Pakistan’s troubles are well chronicled. More surprising is China’s slide in the index. With its economy booming, few analysts would classify China as a vulnerable state, and yet its index score dropped 10 points from last year. Why? China witnessed more than 87,000 peasant strikes and protests over land seizures last year, as well as mounting corruption and unemployment. China’s cities have mushroomed in size, and those left behind have suffered as government services dry up and hungry developers grab land. Party officials must find new ways to mollify the masses while keeping the country’s economic engine in high gear.

Africa’s most populous state, Nigeria, also took a tumble. Despite some steps toward economic reform and improved human rights, the country’s regional and religious fissures keep it on the edge. The government estimates that 3 million people have been displaced since 1999. Tensions have erupted in the oil-rich Niger Delta. So explosive are questions of identity that the government delayed a long-overdue national census several times. Large-scale unrest would not only rattle world oil markets, it might also create a humanitarian nightmare beyond any government’s ability to respond.

There were some winners in this year’s index, particularly in the Western Hemisphere. Although President Hugo Chávez’s economic policies may not have benefited the majority of Venezuelans, his scalding anti-American rhetoric combined with high oil prices have helped him solidify power and stabilize the country, at least in the short term. Guatemala and the Dominican Republic also improved significantly over last year’s index. And, in the Balkans, the pull of the European Union helped speed Bosnia and Herzegovina on its path to recovery.

Paying the Piper

Venality and vulnerability usually travel together. This year’s index shows a strong correlation between Transparency International’s perception of corruption scores and a state’s instability. Eight of the 10 most stable countries also appear among the 10 least corrupt. Chile—widely recognized as the least corrupt country in Latin America—is also the most stable in the region. Paraguay, which has a large “gray” economy, is one of the few countries with a terrible corruption score that’s not on the brink of collapse.



Help Wanted

Iraq and Afghanistan may be rid of abusive regimes, but they are not on the path to stability—at least not yet. Both countries have had successful elections and both sport new constitutions. But they still rank among the world’s most vulnerable states, and their scores have worsened since last year’s index.
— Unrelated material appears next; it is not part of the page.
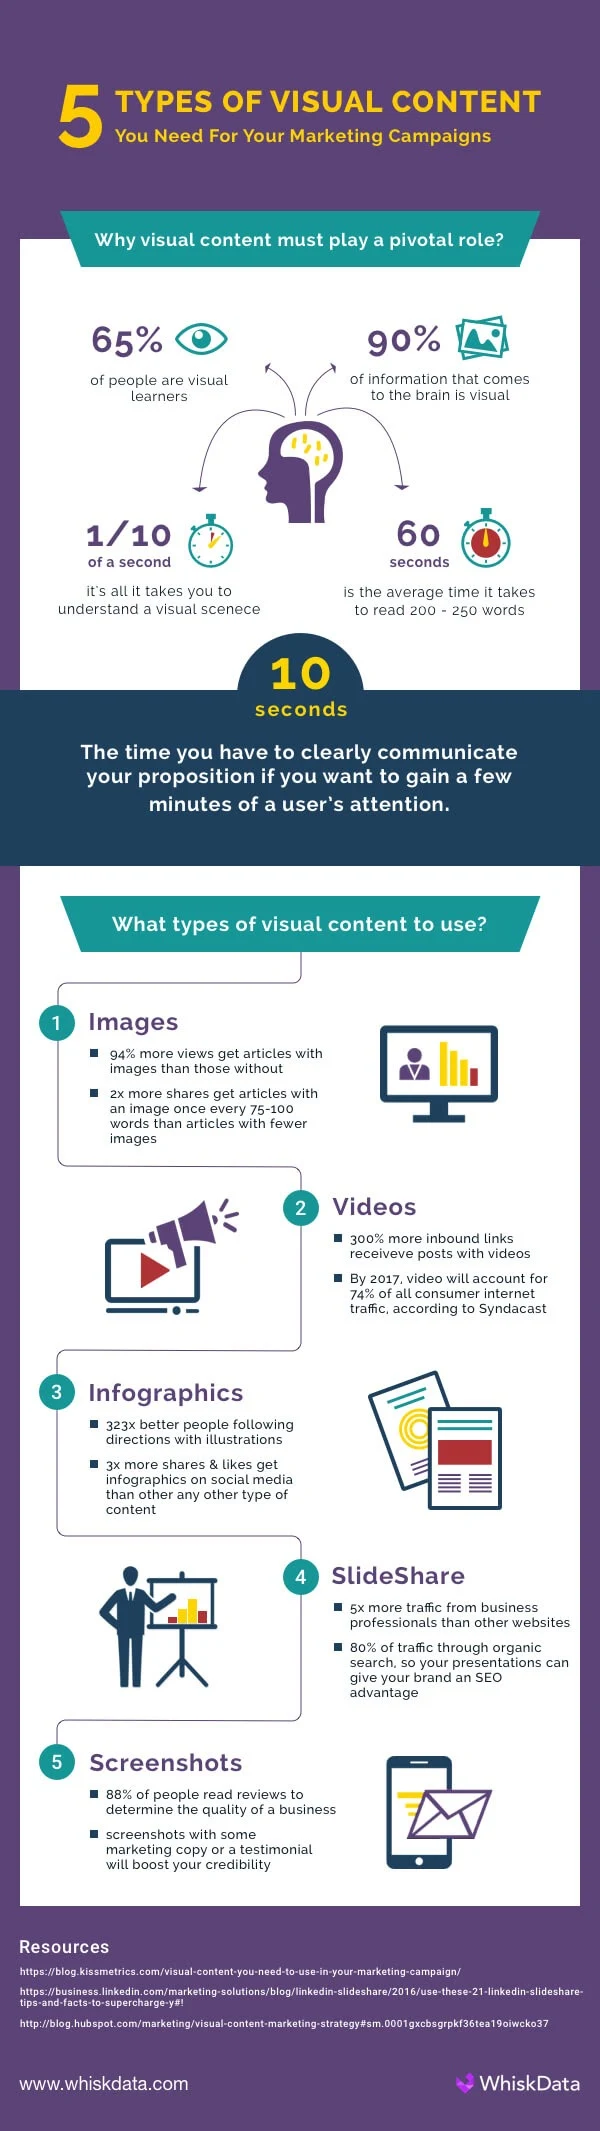 5 Types of Visual Content You Need for Your Marketing Campaign [Infographic]

For Iraq, the index category that worsened most was human flight. The exodus of Iraq’s professional class has accelerated, leaving the country without the trained citizens it needs to staff important posts.

Afghanistan’s dilemma is different. The Taliban’s fall sparked a massive return of overwhelmingly poor Afghan refugees from Pakistan and Iran. But Afghan professionals, many settled in the United States and Europe, have been slower to return. The result is a capital city bursting at the seams but short of trained administrators.
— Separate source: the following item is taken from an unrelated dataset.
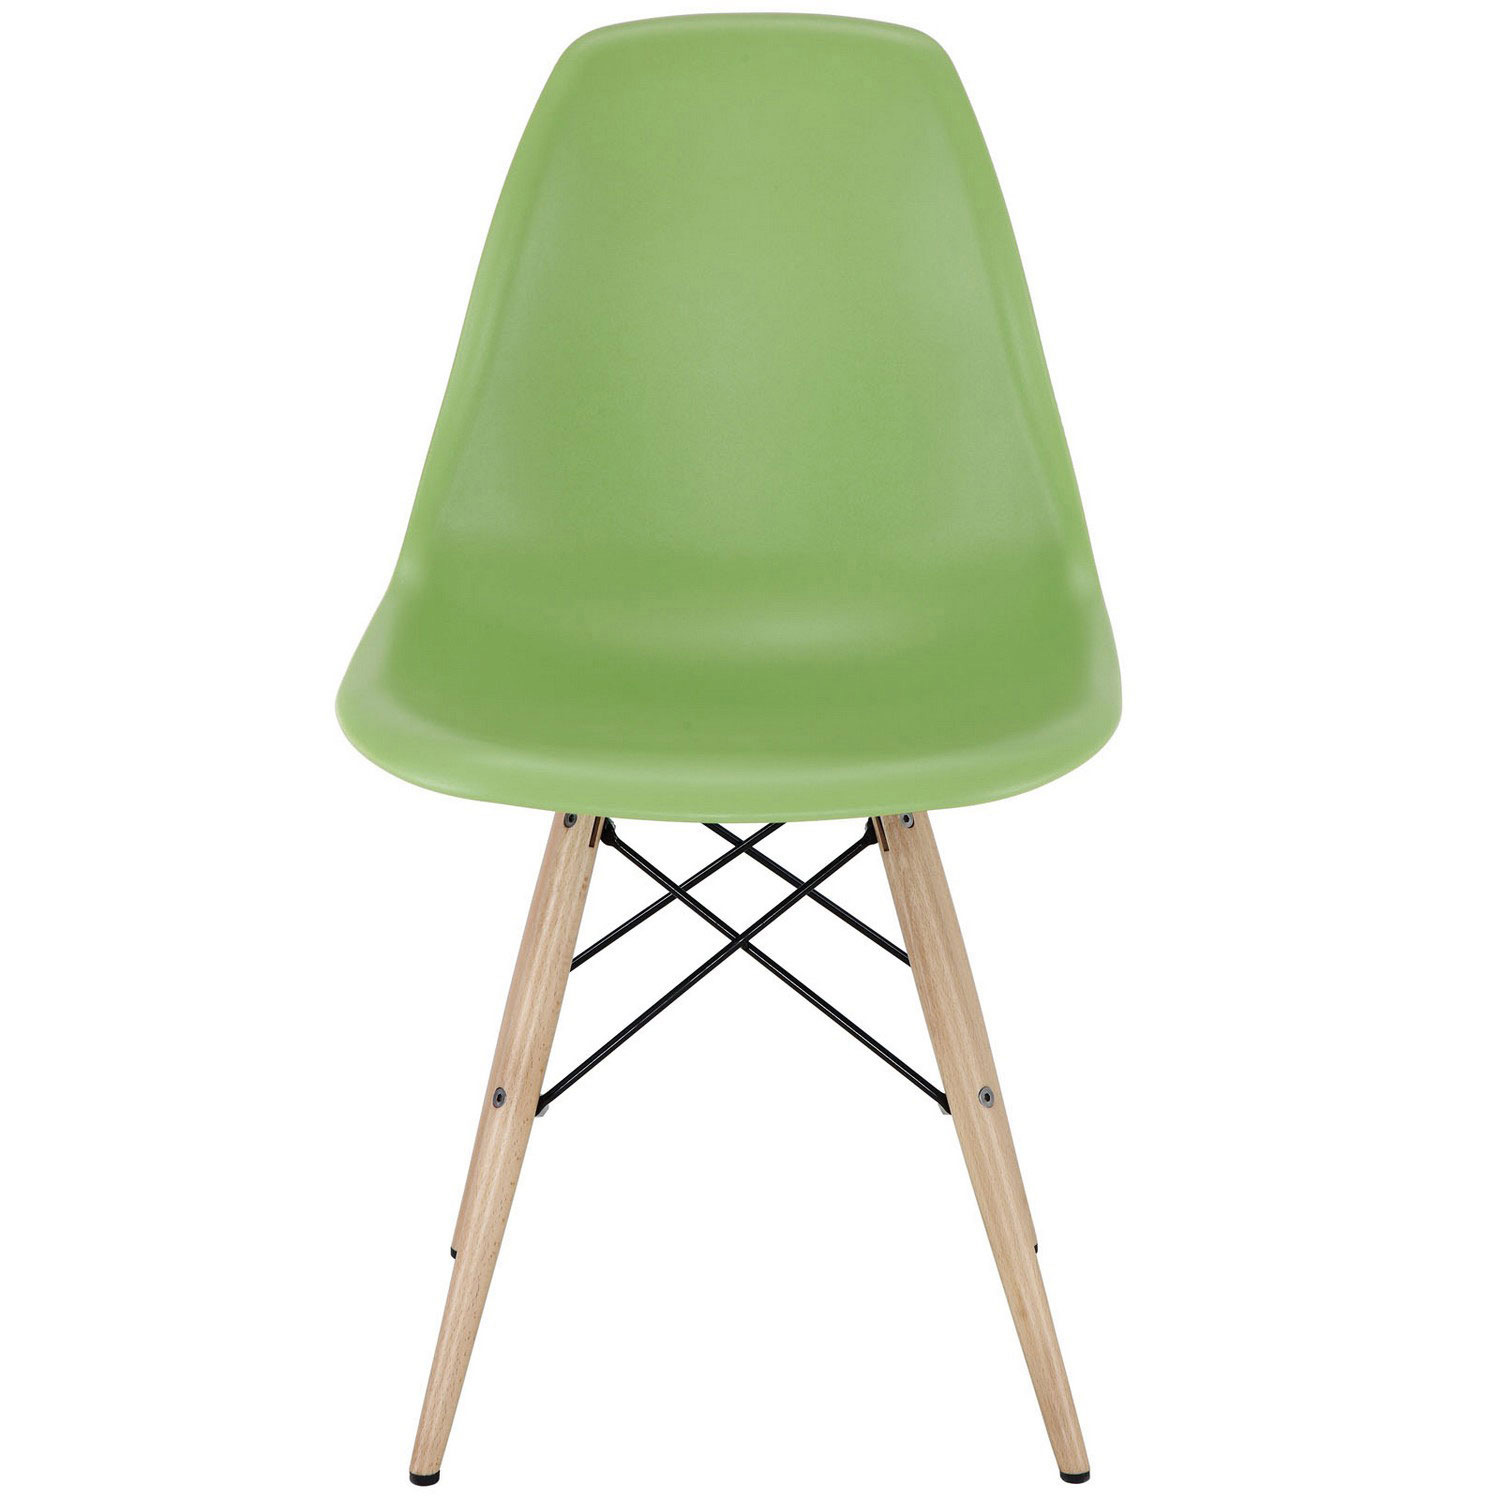 Modway Pyramid Dining Side Chair - Light Green

This year’s index shows a few bright spots in Iraq: The country’s public services score increased marginally, and the country’s institutions appeared to have gained some legitimacy, perhaps as a result of national elections in which Sunnis participated in large numbers for the first time. Insurgents, however, are working hard to undo this progress, and many educated Iraqis have decided to watch from abroad.

In Afghanistan, the country’s successes—another round of elections, a slight improvement in public services, and a reduction in economic inequality—were offset by the continuing Taliban insurgency in the south and east. Tactics employed by seasoned Iraqi insurgents, including roadside bombs and suicide attacks, have migrated to Afghanistan. It’s hardly the kind of expertise the country needs.

Democracy Now?

When people in fragile states vote, it is usually greeted as good news. In 2005, more than 50 million people in politically vulnerable countries visited the ballot box. The results were decidedly mixed. Voting has many virtues, but promoting stability is not necessarily one of them.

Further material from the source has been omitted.